Using WordNet and ConceptNet to get more concepts.

Out of Scope: Discussion and Conclusions

APPENDIX: Existing Solutions for Multimedia Accessibility

The problem of finding alternative ways to present "multimedia" content for users who are not able to perceive some parts of it have been subject to research for many years. Most of the existing solutions aims at creating textual representation of images, that can be read or rendered in Braille alphabet to visually impaired users. There are also alternative approach that try to create non-textual representations, and in this section we will only review these solutions.

Most of the solutions tried to solve the problem of presenting visual item for blind and visually impaired users through speech, sound (music), touch, or even smell. In this section we will review some of these solutions, starting with some real-world paper based examples, and then giving more elaborate overview of solutions for this problem in human-computer interaction field.

3.1 Why do we need alternative presentation: Some real-world solutions

In this section we present some of the real-world (non-computing) examples of alternative presentation of "multimedia" items. In this overview we focus on approaches to providing alternative access to non-textual items, e.g. images , video or music, and not on text-based solutions such as audio books or screen readers, or sign language to present textual content (speech) to deaf users. We show two examples, one describing tactile images for blind users, and other usage of vibrations to present music for blind users.

Most of the real world solutions focused on providing help for blind users, mostly in form of haptic presentation of images [Kennedy91]. These solutions tried to follow the success of Braille system for haptic presentation of textual content. The most widely used form of presentation is tactile graphics. Tactile graphics are images that use raised surfaces so that a visually impaired person can feel them. They are used to convey non-textual information such as maps, paintings, graphs and diagrams. Figure 1 illustrates one such tactile graphics. It is important to note that a tactile graphic is not a straight reproduction of the print graphic, or a tactile “photocopy” of the original. A tactile graphic does not include the symbols expected by visual readers, such as color, embellishment, and artistic additions. In other words, creating tactile graphics requires lots of work, and cannot be directly created from "ordinary" image. There are many specialized organizations that publish this kind of material. Tactile graphics cannot be directly reproduced on computers, primarily due to lack of equipment such as Braille embosser that currently support only rendering of text.
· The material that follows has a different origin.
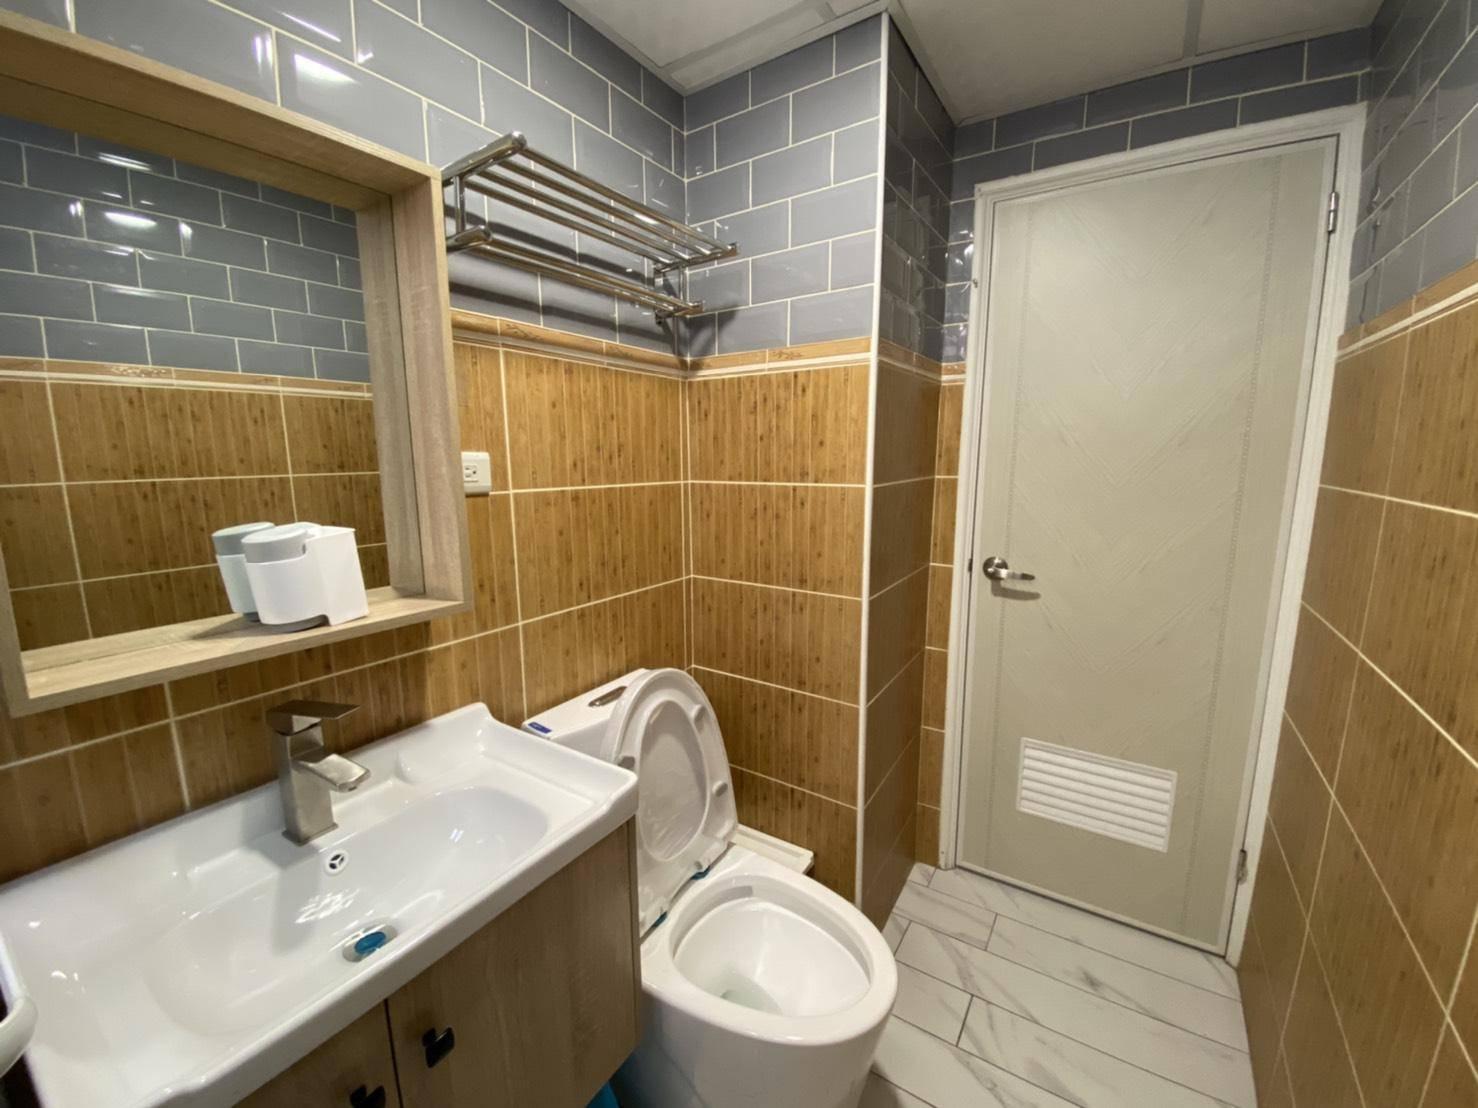 地鐵磚【HGU10202灰色 亮面】商空,浴室,廚房 實景拍攝
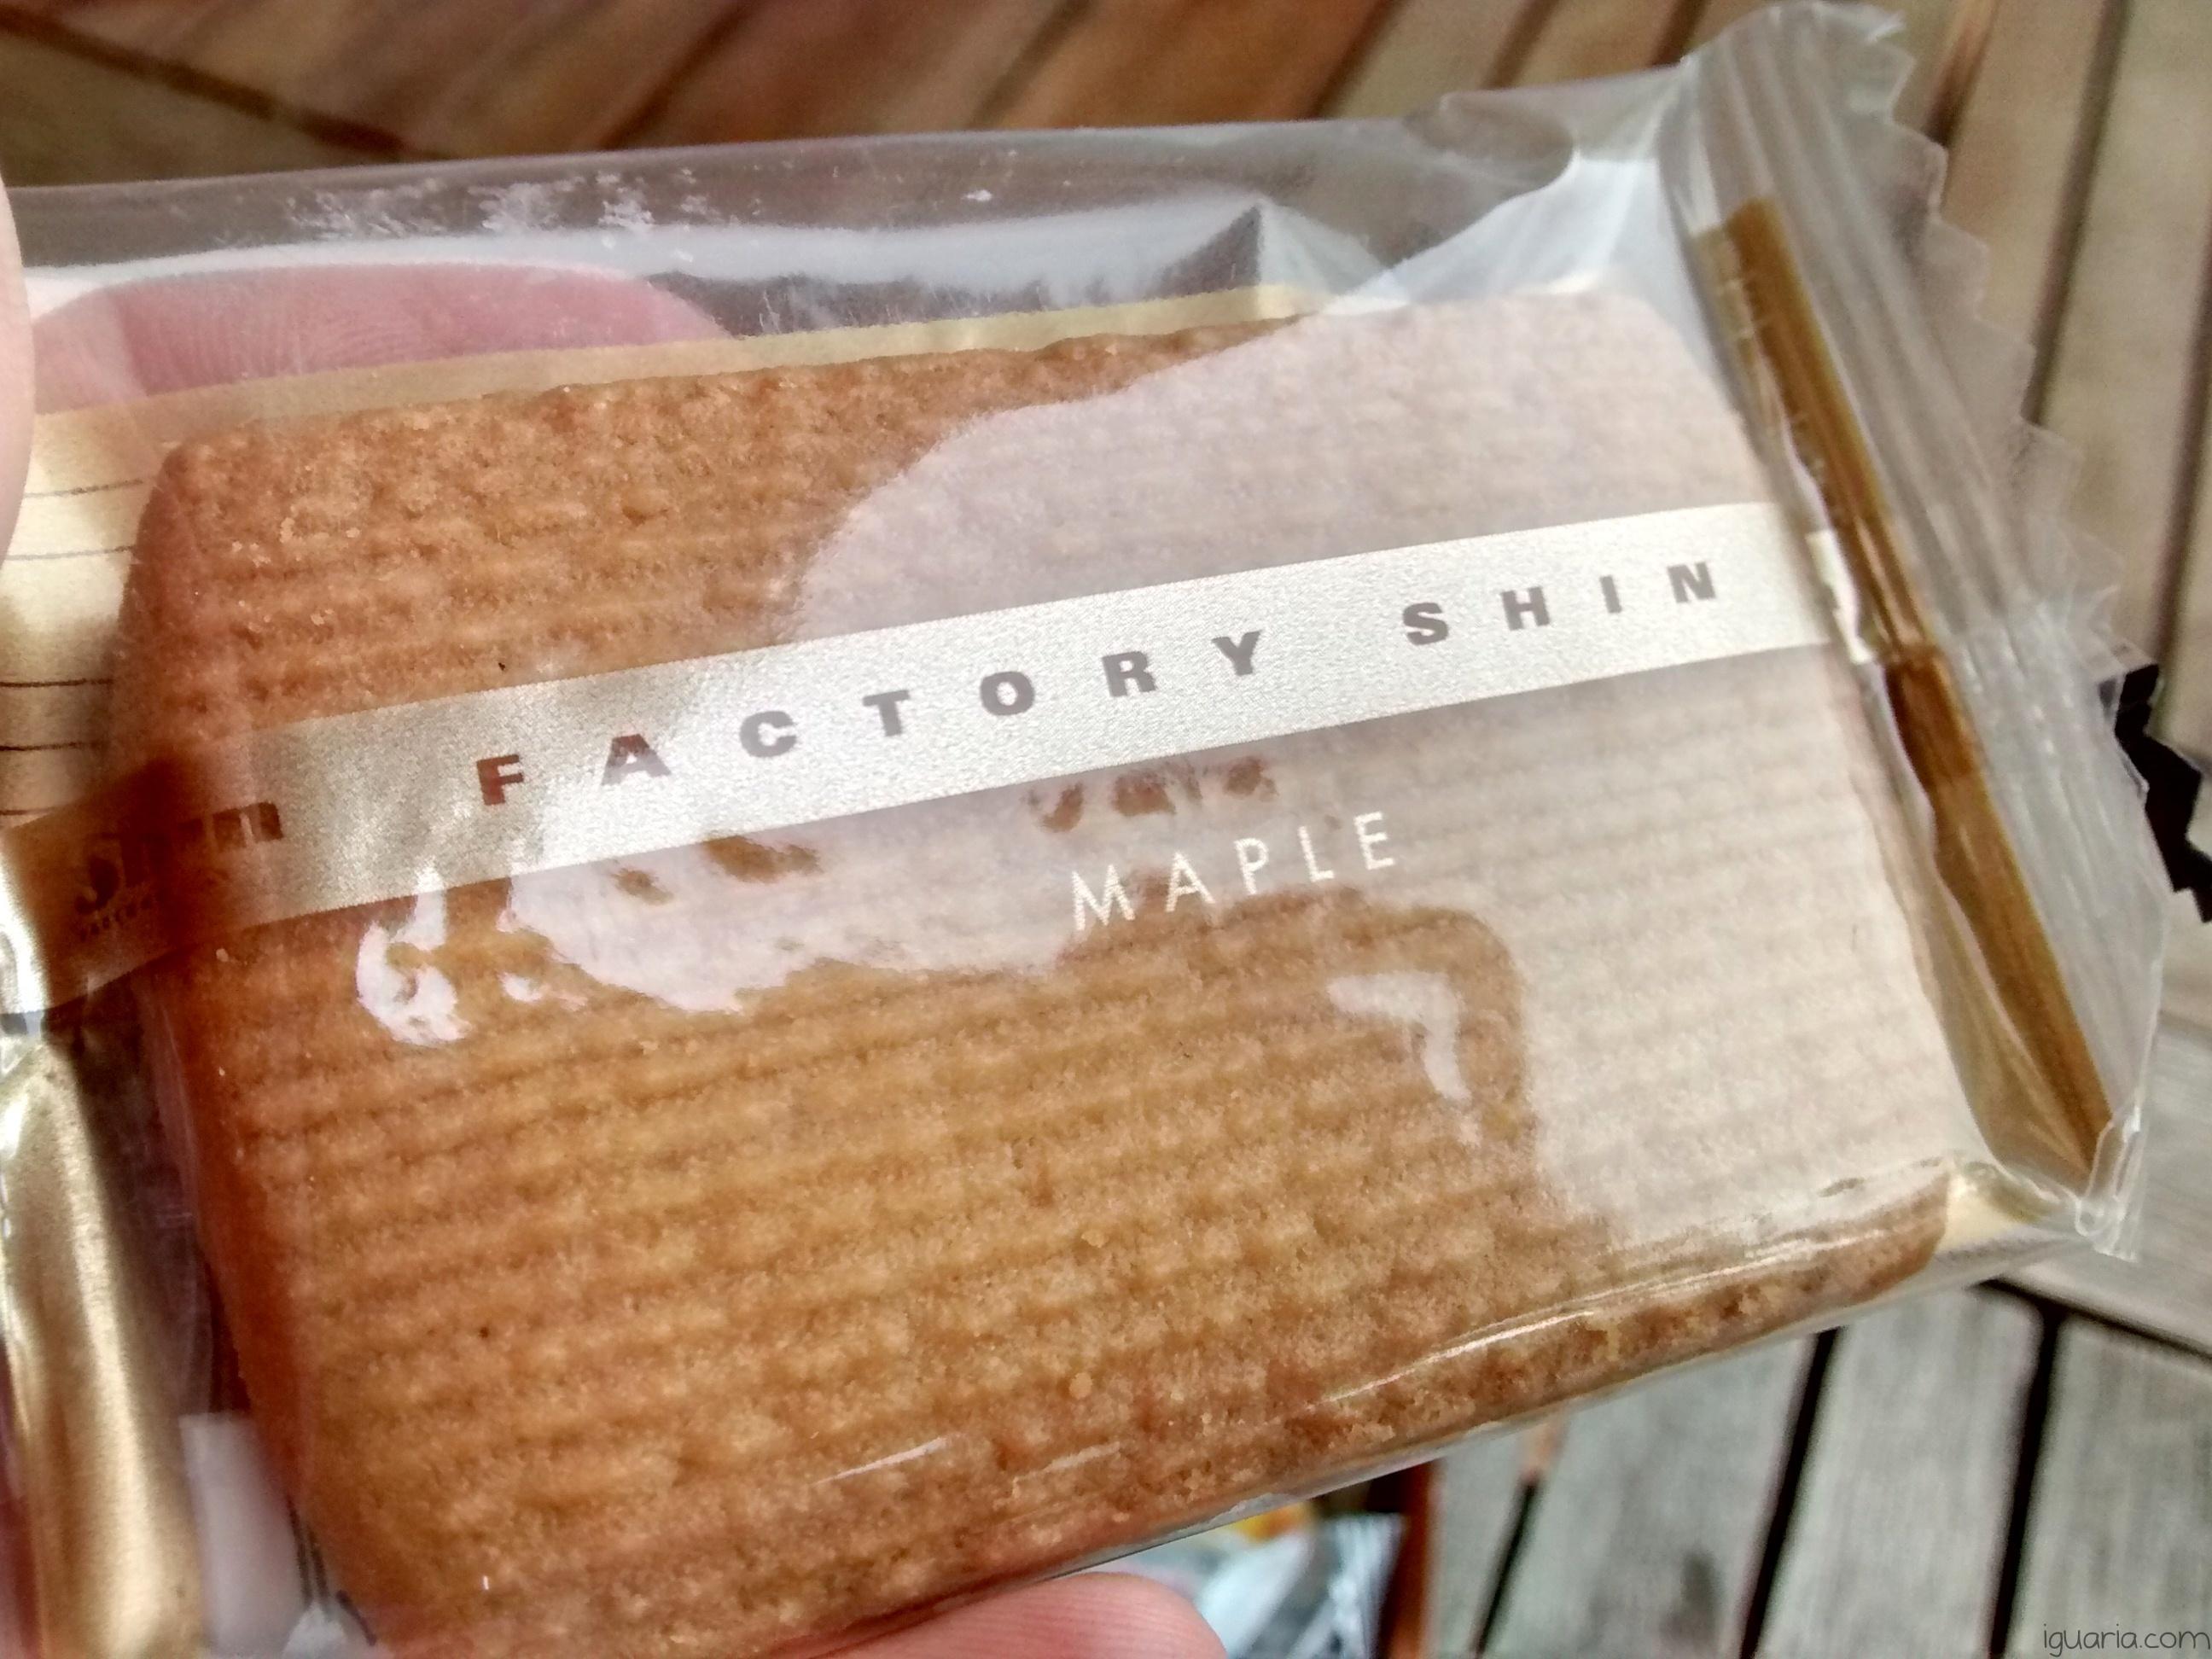 Iguaria_Shin-Factory-Biscoito-Mapple

What makes this approach interesting is the lots of empirical evaluations and experiences about this kind of perception [Kennedy96, D'Angiulli98, Kennedy81, Keneddy96], suggesting that this kind of images give users many ability to perceive aspects of image that are primarily properties of visual perception. If computing equipment for these images appears, it could present valuable help for human-computer interaction for visually impaired users. With appropriate feedback, blind users have good ability not only to perceive but also to draw images (Figure 2).


Figure 1. Example of tactile graphic, in this case a geographic map. Tactile graphics are images that are designed to be touched rather than looked at. When information in a print graphic is important to a tactual reader, a tactile graphic may be developed. The concept and content of the graphic are represented by a set of tactile symbols selected to be easily read and understood.	Figure 3. In one of Kennedy’s early studies a woman, blind from birth, drew this picture of a horse.

Presentation of other media, such as music for deaf persons has been less explored. There are, however, some researches that suggest that deaf users can use vibrations to perceive music, in similar way how non-deaf users hear music. This technique was also used by Beethoven as he lost his hearing. Some of these studies suggest that deaf people sense vibration in the part of the brain that other people use for hearing which helps explain how deaf musicians can sense music, and how deaf people can enjoy concerts and other musical events. Users can perceive music even through ordinary speakers, but there are also experimental devices that try to render vibrations more appropriate to tactile perception, such as "Vibrato" shown in Figure 3.

Figure 3. Different instruments, rhythms and notes can be felt through five finger pads attached to the "Vibrato" speaker. This device is still in development.

Although presented solution still cannot be (re)used in human-computer interaction, the main purpose of this section is to illustrate that providing alternative non-textual interaction with "multimedia" content can enable disabled users to be much more efficient and creative, and also to illustrate some of the problems that creation of such alternative content introduces.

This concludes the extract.